19.03.20


To say that these are troubling times would be to grossly underplay the seriousness of the current situation. This pandemic is unprecedented in modern times.

Faced by the threat of a rapid spread of this highly-contagious and relatively unknown virus, however, what is an appropriate response? How do we strike the balance between taking every possible precaution to protect ourselves, our families and our fellow citizens, particularly the most vulnerable within our communities, while at the same time avoiding the sort of panic that leaves us less able to think or act rationally and potentially makes matters worse?

First and foremost, we need confidence that decisions taken by political leaders reflect the advice of experts in the fields of medicine, science and indeed human behaviour, based on the best evidence available. Unhelpfully, of course, much of the evidence around Covid-19 is still emerging.

Importantly too, government and health authorities must be clear, transparent and honest in their communication with the public. Again, this is made no easier by the rapidly changing nature of the situation, giving rise to a need to update advice frequently and sometimes dramatically. Moreover, with different countries apparently adopting different strategies, seeds of doubt can be sown as to whether or not more could be done.

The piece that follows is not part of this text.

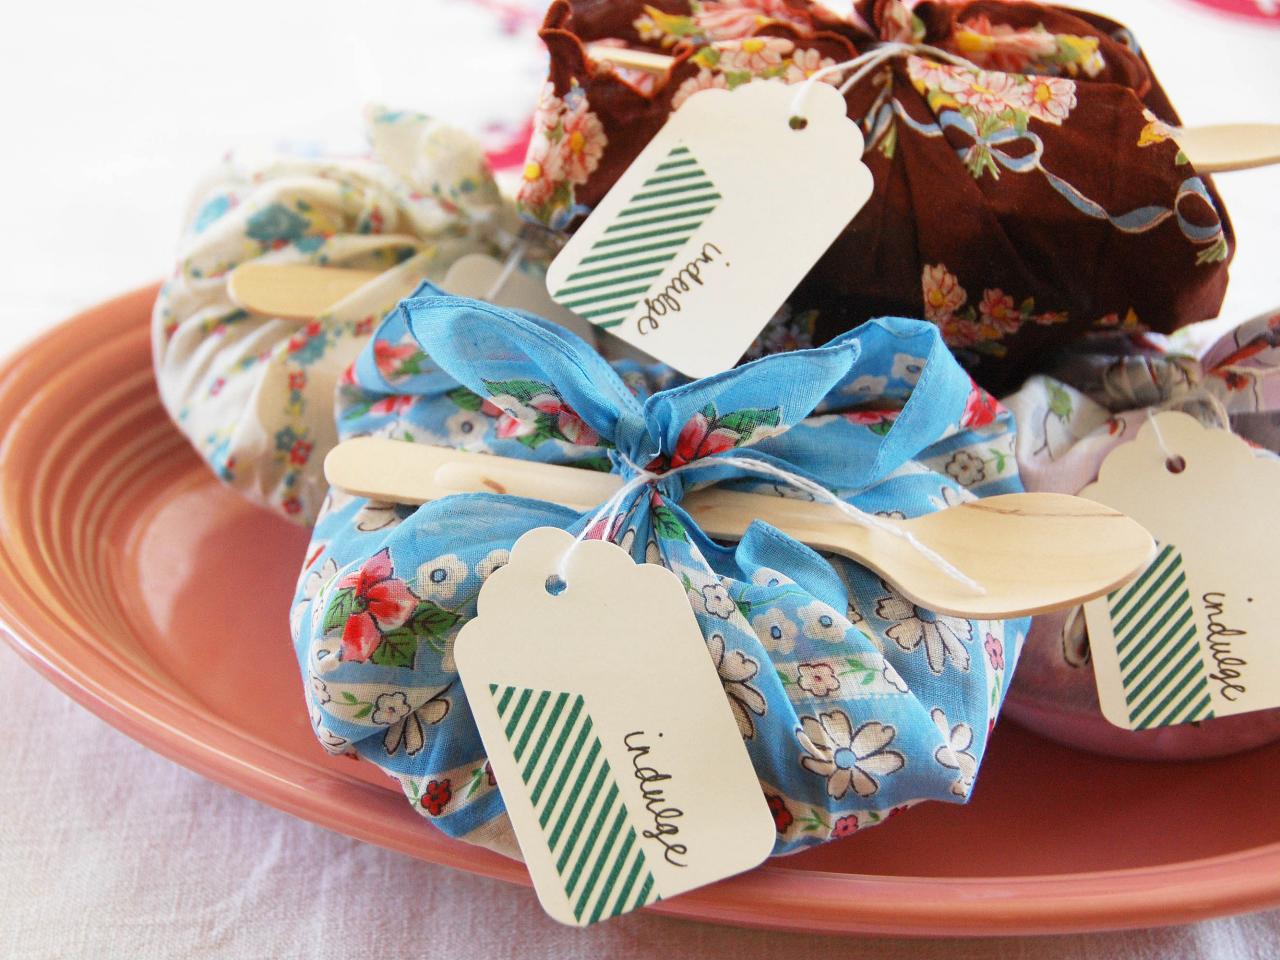 Ideas for Easy, Cheap DIY Party Favors
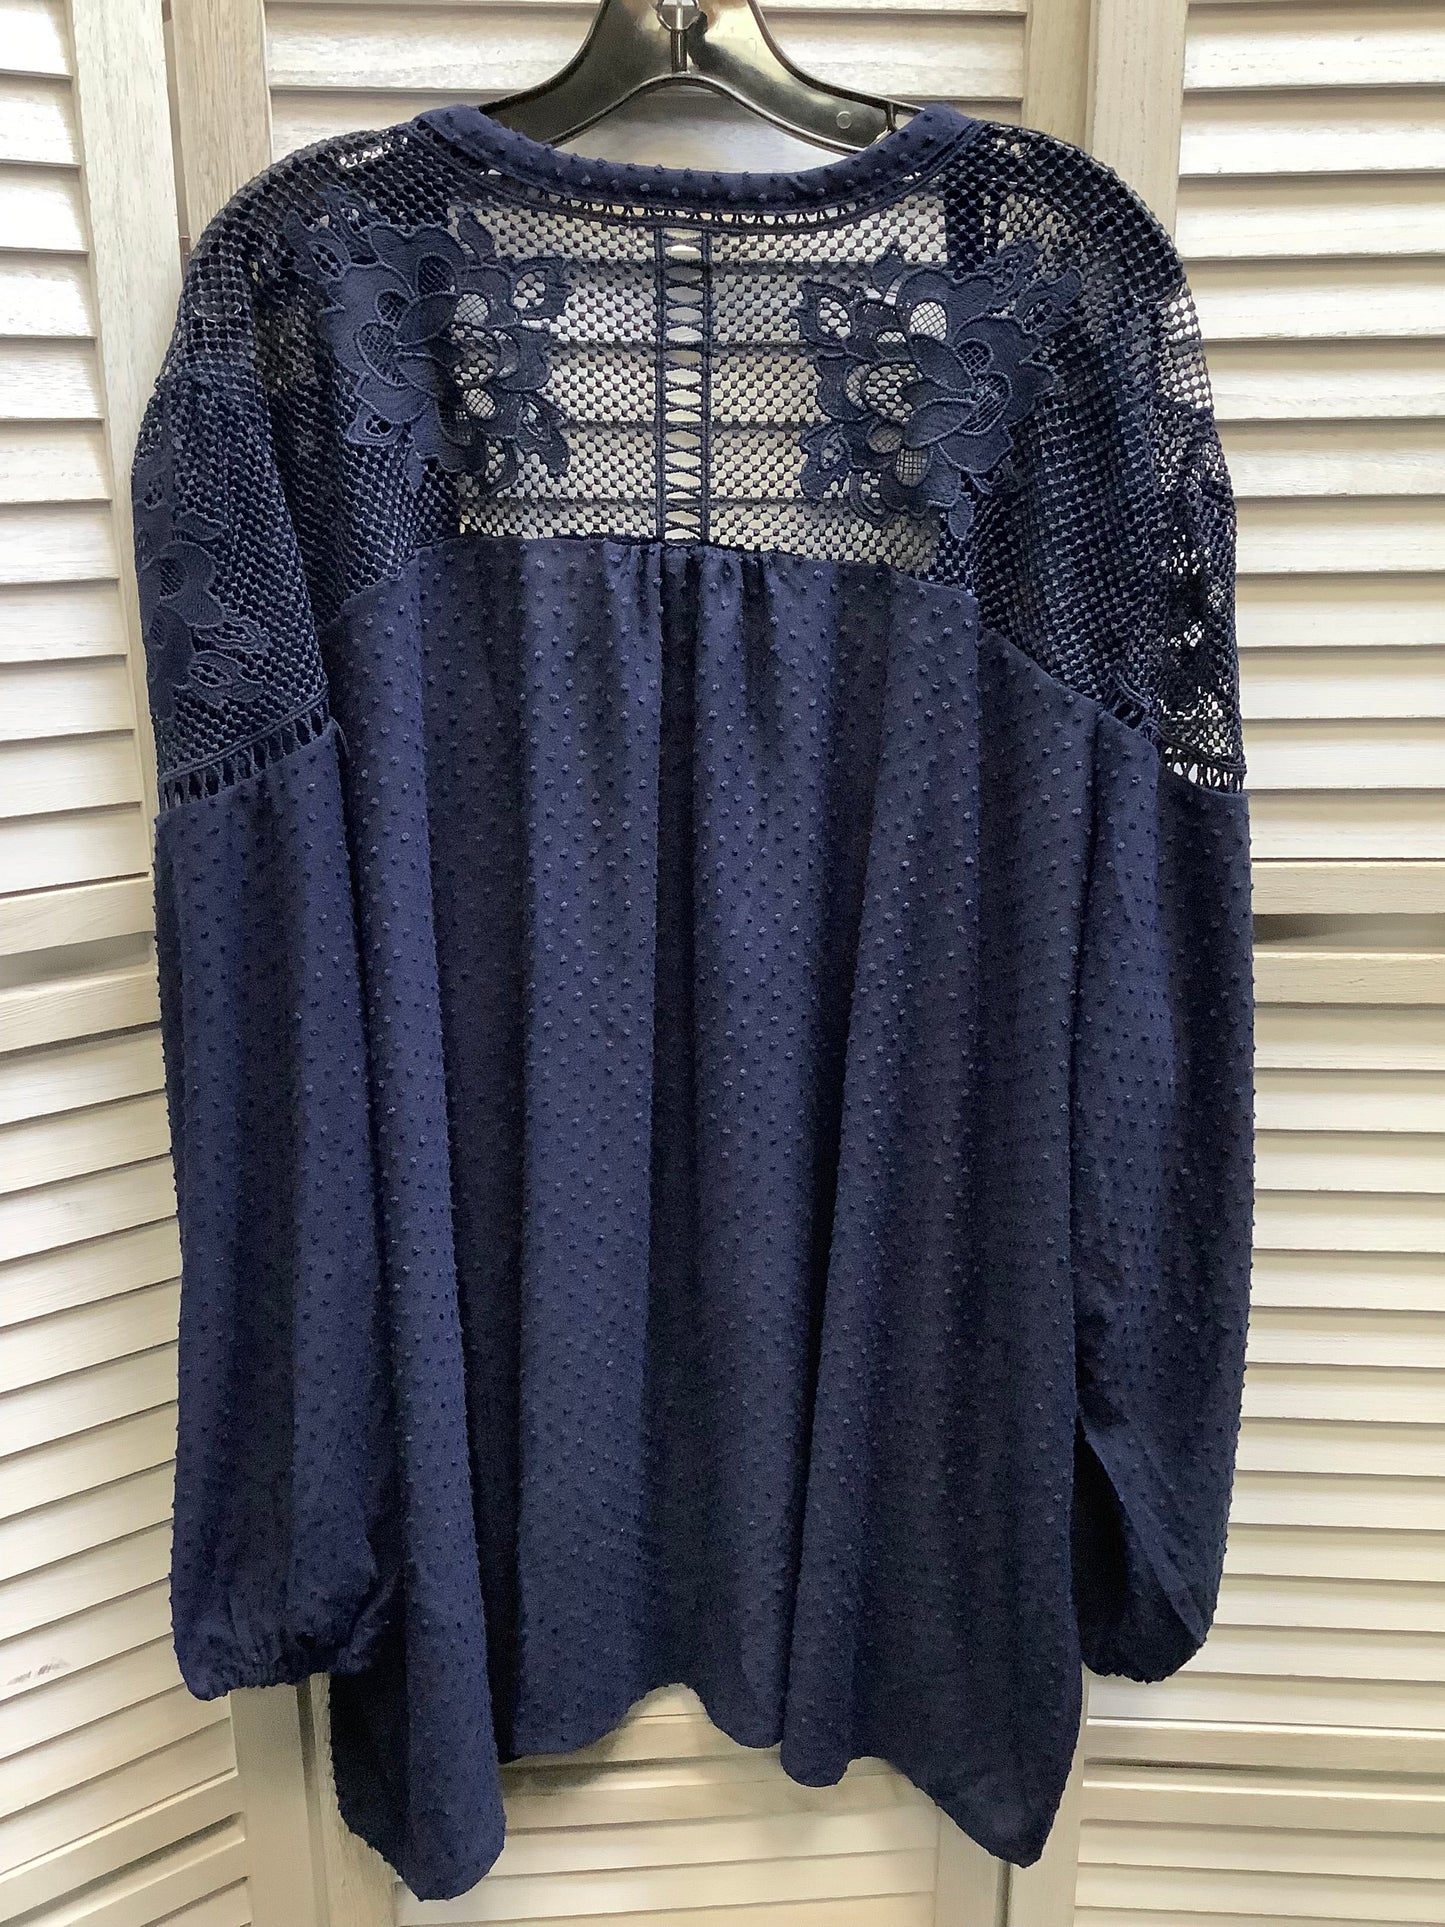 Navy Cardigan Maurices, Size 4x

It is vital, however, that the public does heed advice and acts responsibly. More draconian powers may yet be sought to increase government’s options for limiting freedoms or requiring action to be taken, but there are risks in introducing these too early and for too long. All the more reason for people to exercise good judgment based on the advice given.

That means not stockpiling unnecessarily. Panic buying spreads its own contagion, prompting others to follow suit and inevitably disadvantaging those least able to buy in bulk, or who rely on others to shop on their behalf. It means supporting initiatives like Orkney Mutual Aid, a community of volunteers across every parish and island in Orkney offering assistance with everything from transport and shopping to visits and calls. Those behind the idea, and those offering to help, deserve enormous credit and epitomise the sort of response we need to see.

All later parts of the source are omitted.